Start of Block
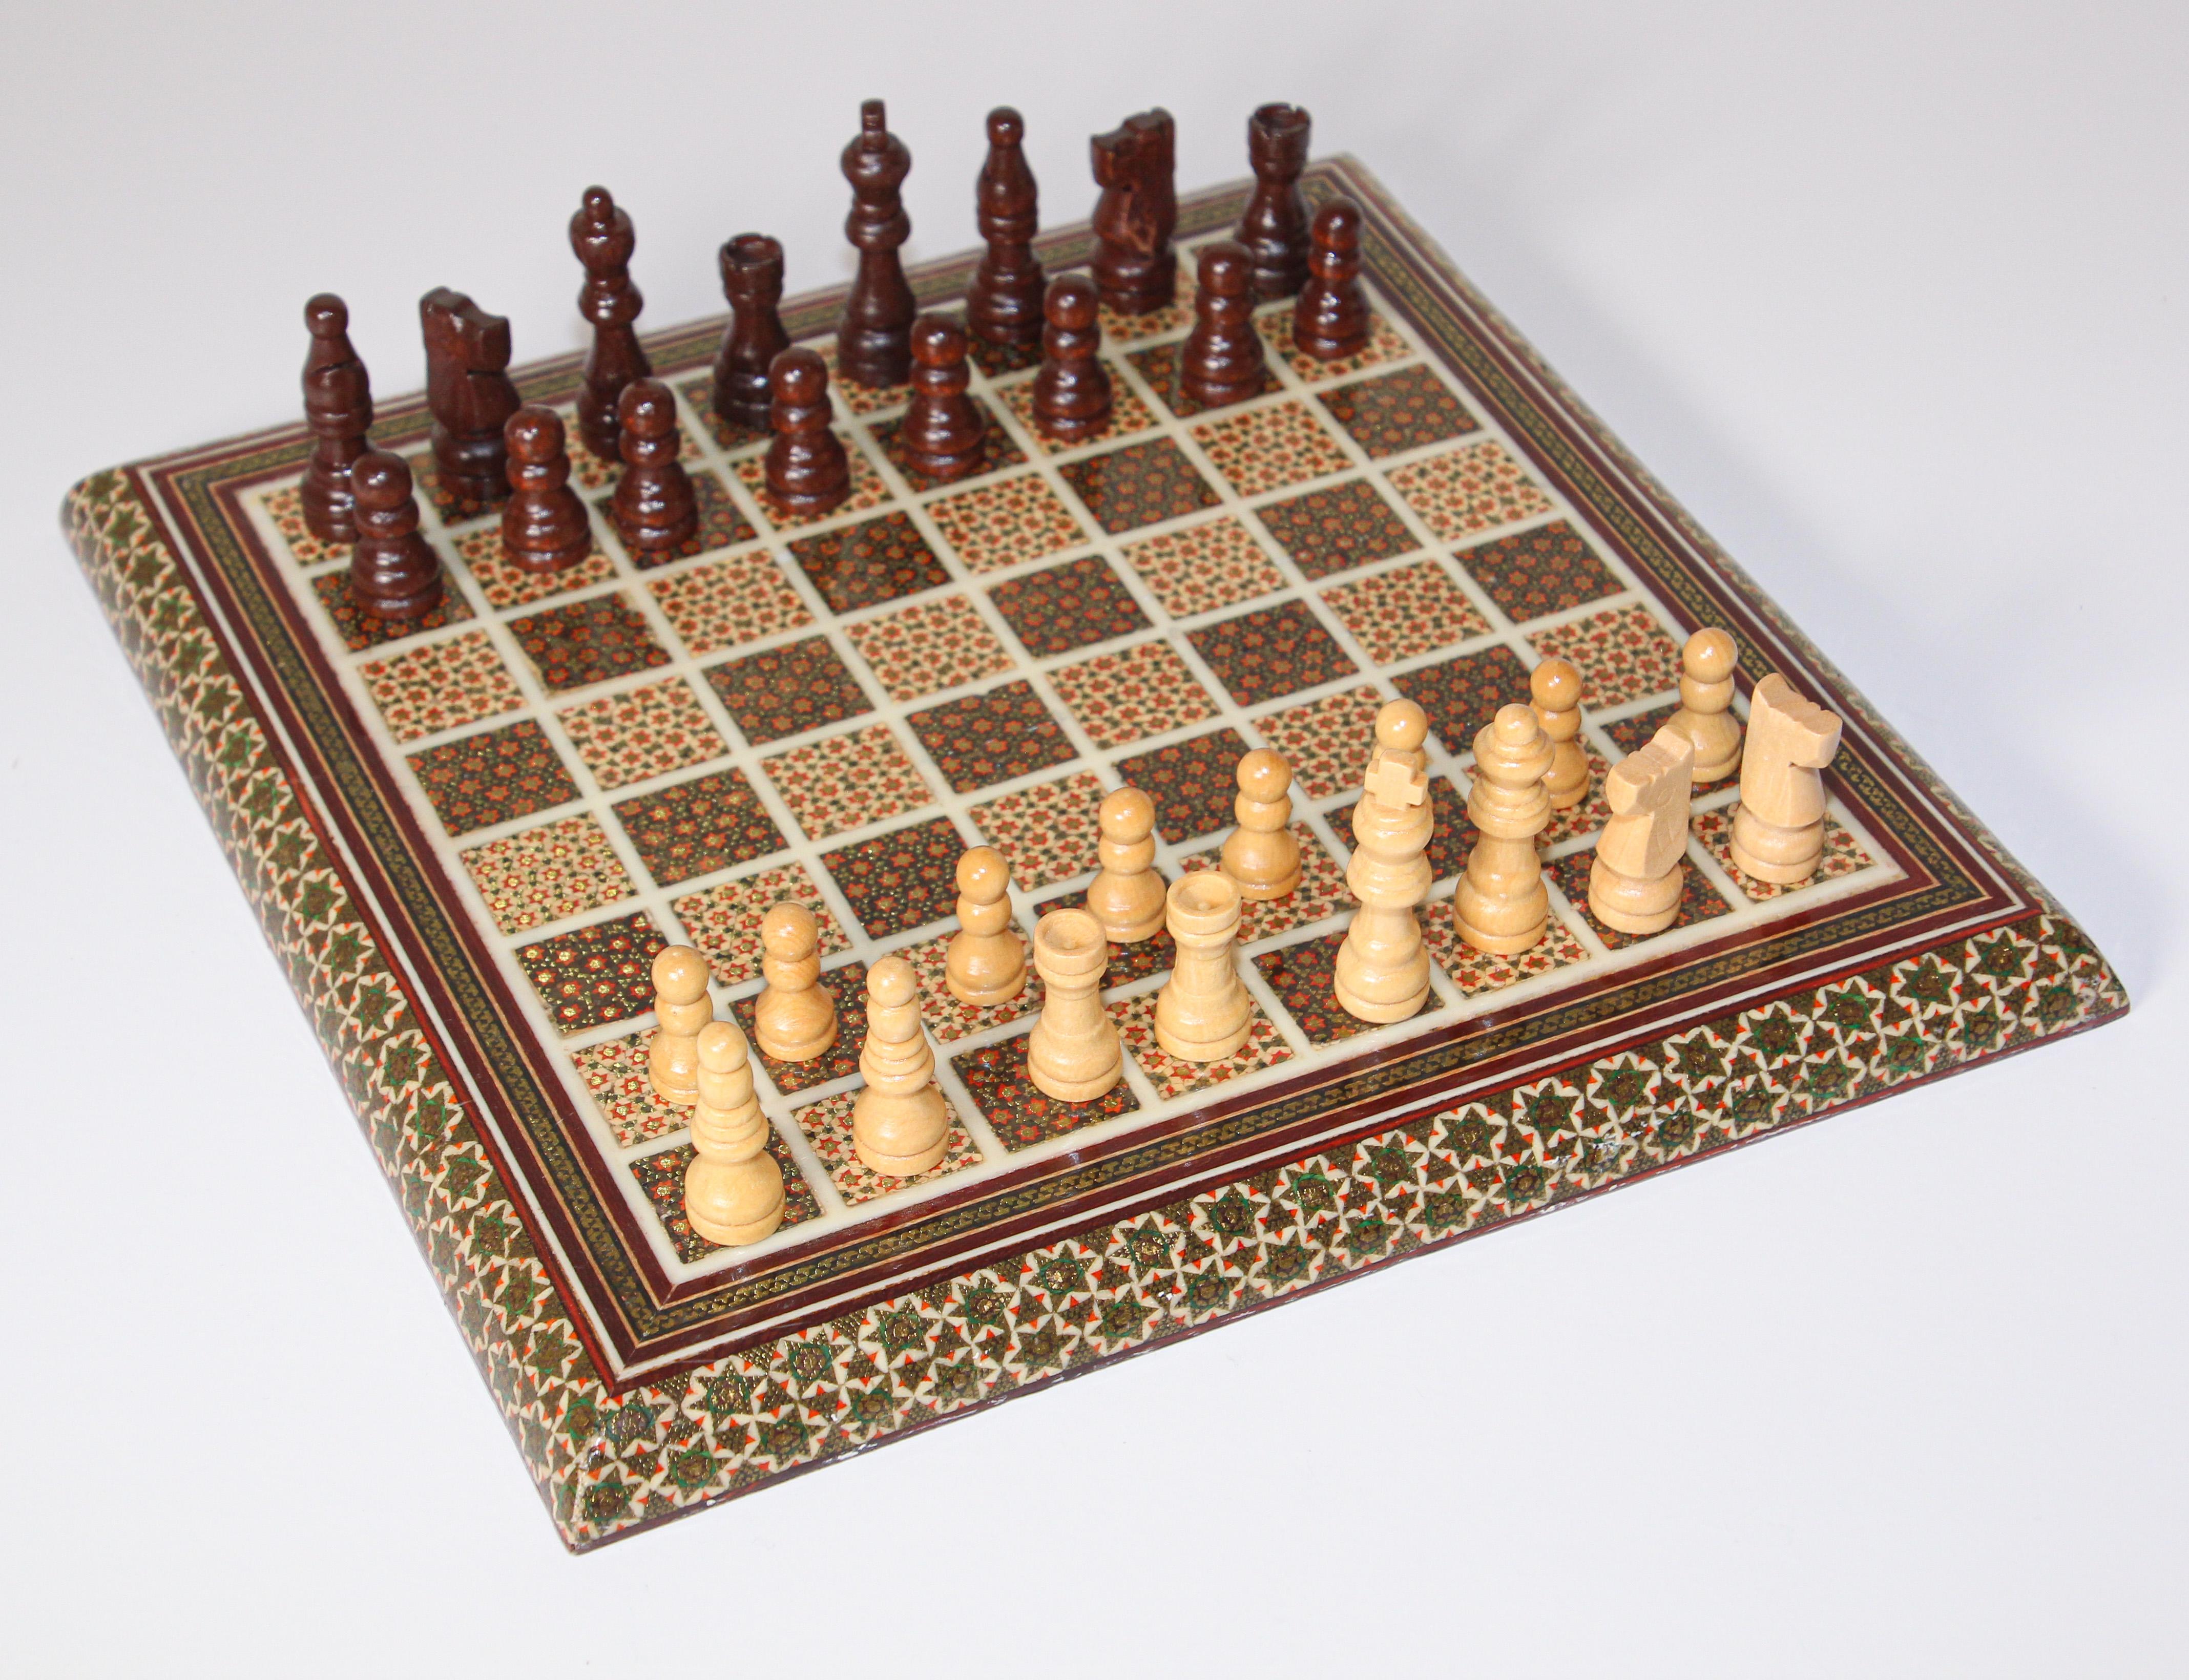 Intricately inlaid handcrafted Persian chess game board and pieces.
Handcrafted beautiful Middle Eastern Persian Khatam chess board covered with very delicate micro mosaic marquetry from the ancient Persian technique of inlaying from arrangements
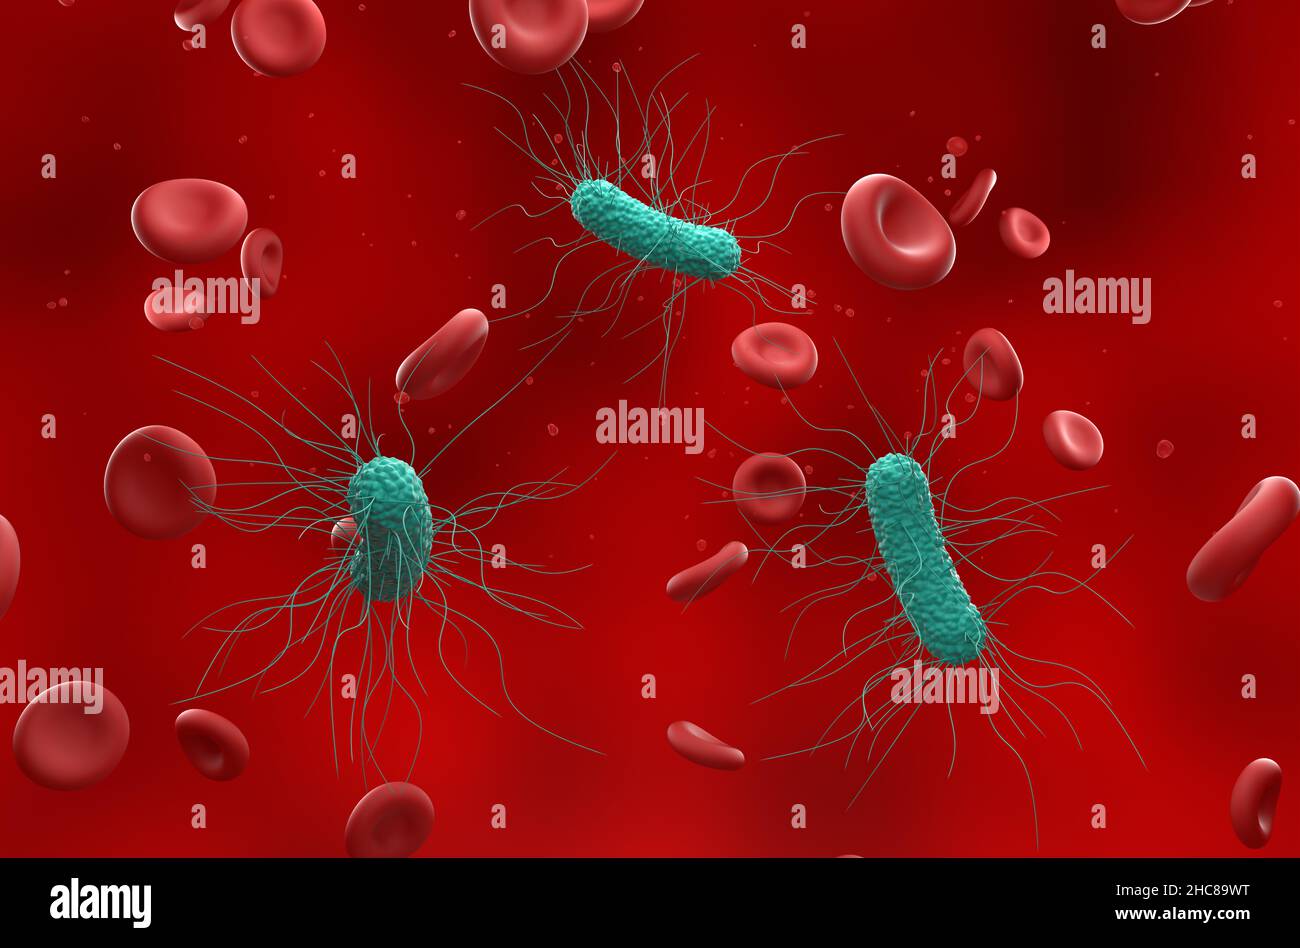 General bacterias in the blood flow - isometric view 3d illustration Stock Photo
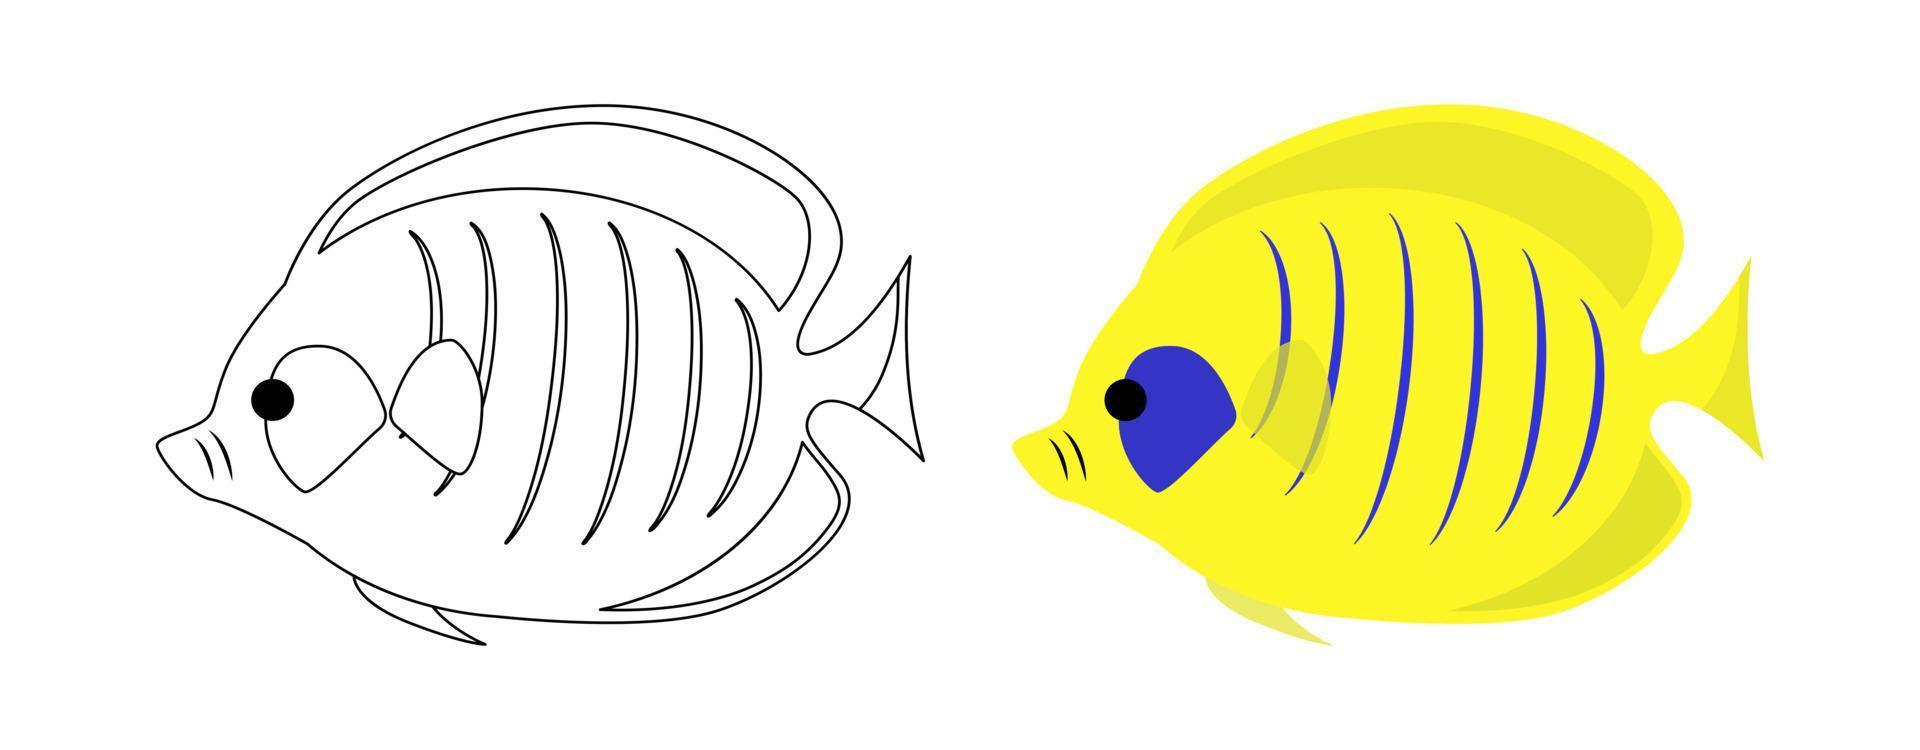 Yellow Tropical Fish Vector Illustration. Cartoon vector outline and flat style
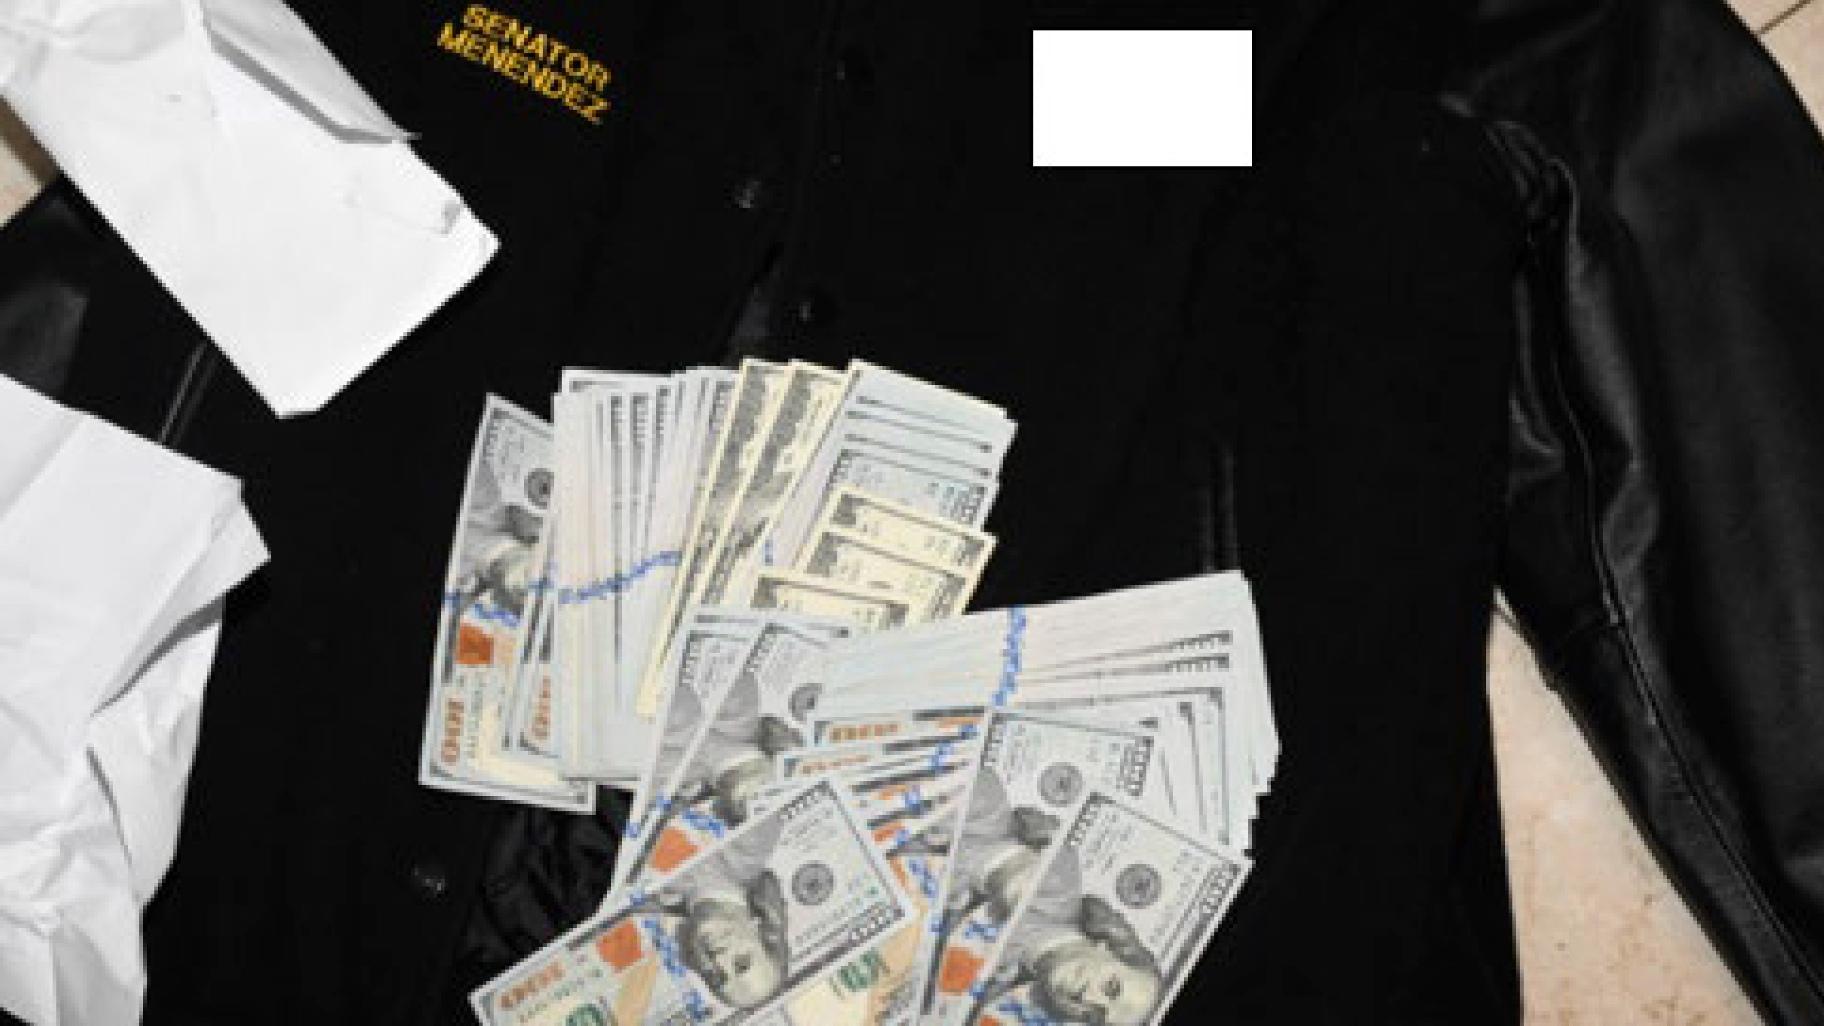 This photo, which was included in an indictment of U.S. Sen. Bob Menendez (D-N.J.), shows a jacket bearing Menendez’s name, along with cash from envelops found inside the Jacket during a search by federal agents of the senator's home in Harrison, N.J., in 2022. (U.S. Attorney’s Office via AP)
End of Block
__PROBLEM TO WORK ON__
The answer must consist only of the lines from the beginning of the entries above through the line that holds "Yellow Tropical Fish", reproduced exactly and without pictures.

__ANSWER SECTION__
 Intricately inlaid handcrafted Persian chess game board and pieces.
Handcrafted beautiful Middle Eastern Persian Khatam chess board covered with very delicate micro mosaic marquetry from the ancient Persian technique of inlaying from arrangements
 General bacterias in the blood flow - isometric view 3d illustration Stock Photo
 Yellow Tropical Fish Vector Illustration. Cartoon vector outline and flat style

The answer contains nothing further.